On Mon, 11 Mar 2019 at 11:27, Nikita Popov <nikita....@gmail.com> wrote:

> The solution I would prefer is the ability to declare that within a
> project, all interactions with objects (whether they are my own or come
> from 3rd parties) should disallow the creation of dynamic properties. This
> differs from your proposal in two important points:
>  1. You cannot create dynamic properties on objects even if they come from
> 3rd-party code you do not control.
>  2. 3rd-party code may interact with your objects (and it's own) however
> it likes. It is not affected by the disabling of dynamic properties in your
> project code.
>


That's an interesting approach. I think it's conceptually a lot more
complicated (and probably more complicated to implement, too) - the same
object would behave in different ways in different contexts. There are also
edge cases to define which the current proposal doesn't need to worry
about, like stdClass, and objects which were created in one scope and
manipulated in another:

declare(strict_properties=0) {
    class Foo {}
    $foo = new Foo;
    $foo->bar = 42;
}
declare(strict_properties=1) {
    echo $foo; # Is $bar now 'defined', or do we only count the properties
in the original class definition?
}

More importantly, you would have to check that third-party code was
declaring the properties you needed before enabling it. For instance, a
library might document that you should set `$handler->debug = true`, read
that property internally, but never declare it; you'd then have to patch
the library before you could run in strict_properties mode.

It feels like at that point, we might as well just deprecate dynamic
properties altogether - which I'm beginning to think is the best approach.
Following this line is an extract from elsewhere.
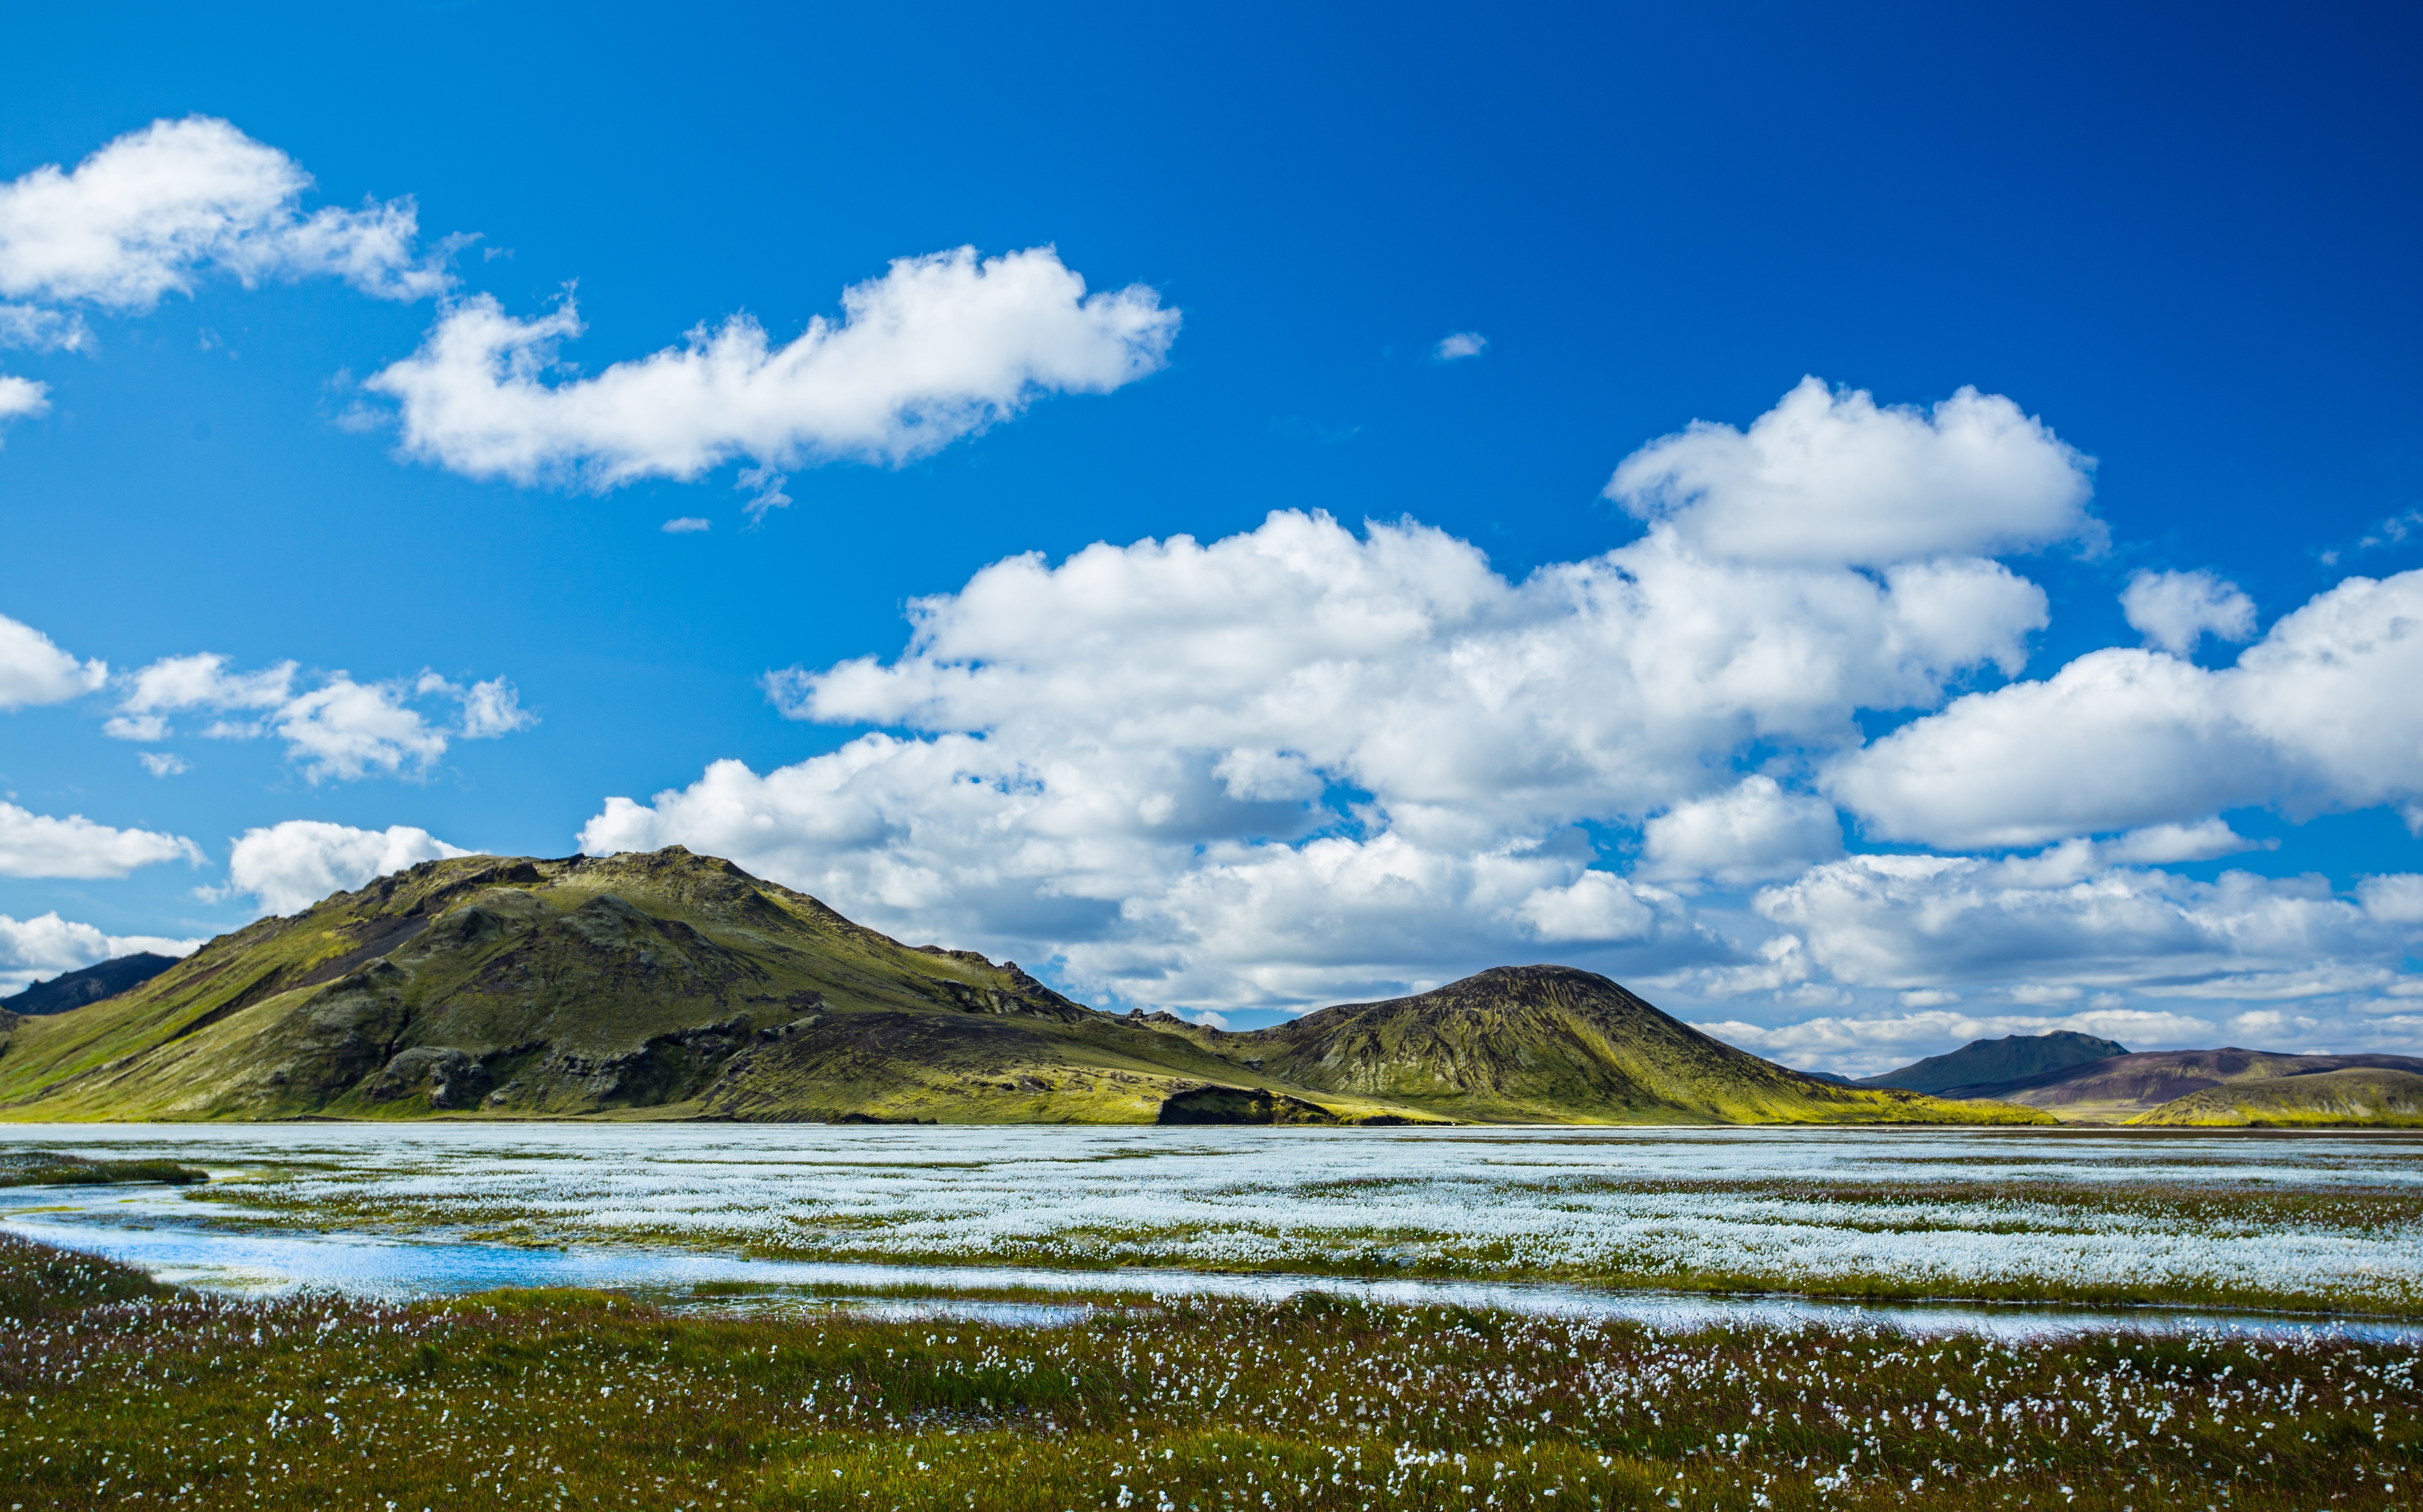 A white meadow by a mountain stream in Iceland.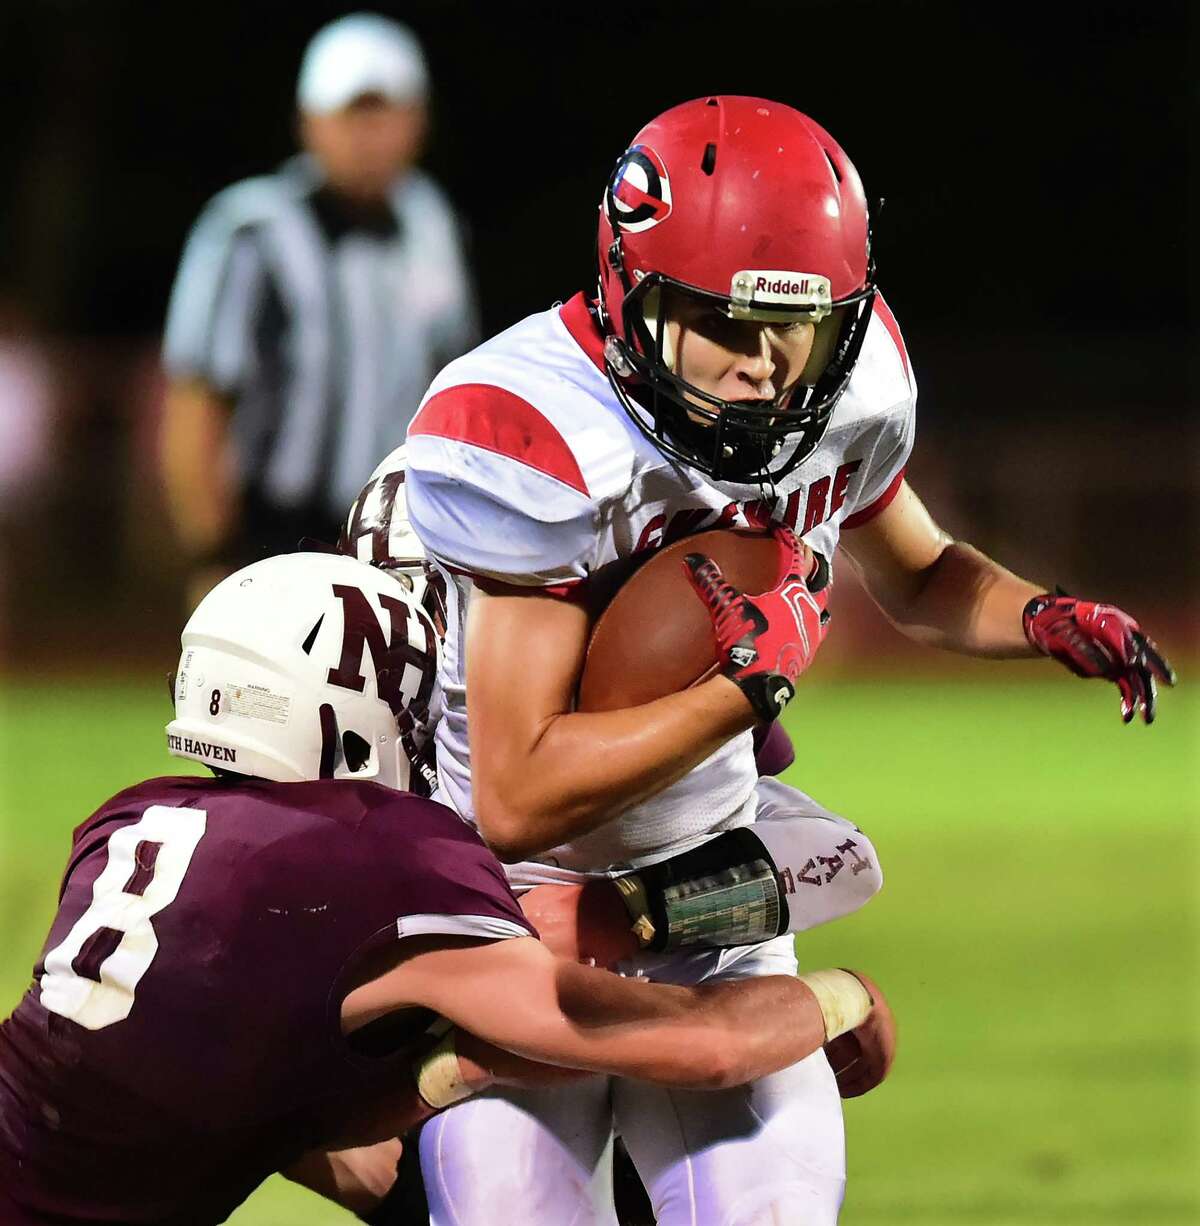 Cheshire junior wide receiver Tommy Wnuck fights off North Haven’s Tom Dodge (8) and Zack Orth (33) in a 24-21, on opening night of high school football, Friday, September 9, 2016, at Mike Vanacore Field at the North Haven Athletic Complex. (Catherine Avalone/New Haven Register)

To put it explicitly, what are the use cases where you'd turn such a flag
off?




> 1. The BC break section is not terribly clear due to the use of
> "semi-reserved". I initially assumed that this was a contextual keyword
> (i.e. only has special meaning immediately before "class") but apparently
> this is a normal reserved keyword in the implementation (i.e. no classes,
> functions, namespaces etc named "locked").
>


Oops, I'll hold my hands up to not actually testing that. I think I took
that wording from a comment in the parser, but probably didn't read it
properly.



2. It is possible to break a reference by reassigning it to another
> reference, like so:
>
>     $null = null;
>     $this->prop =& $null;
>     unset($null);
>
> This is not quite as good as unsetting because it leaves behind an rc=1
> reference, but that would be the way to remove a reference without unset().
>


Huh, cunning. :)

Regards,
-- 
Rowan Collins
[IMSoP]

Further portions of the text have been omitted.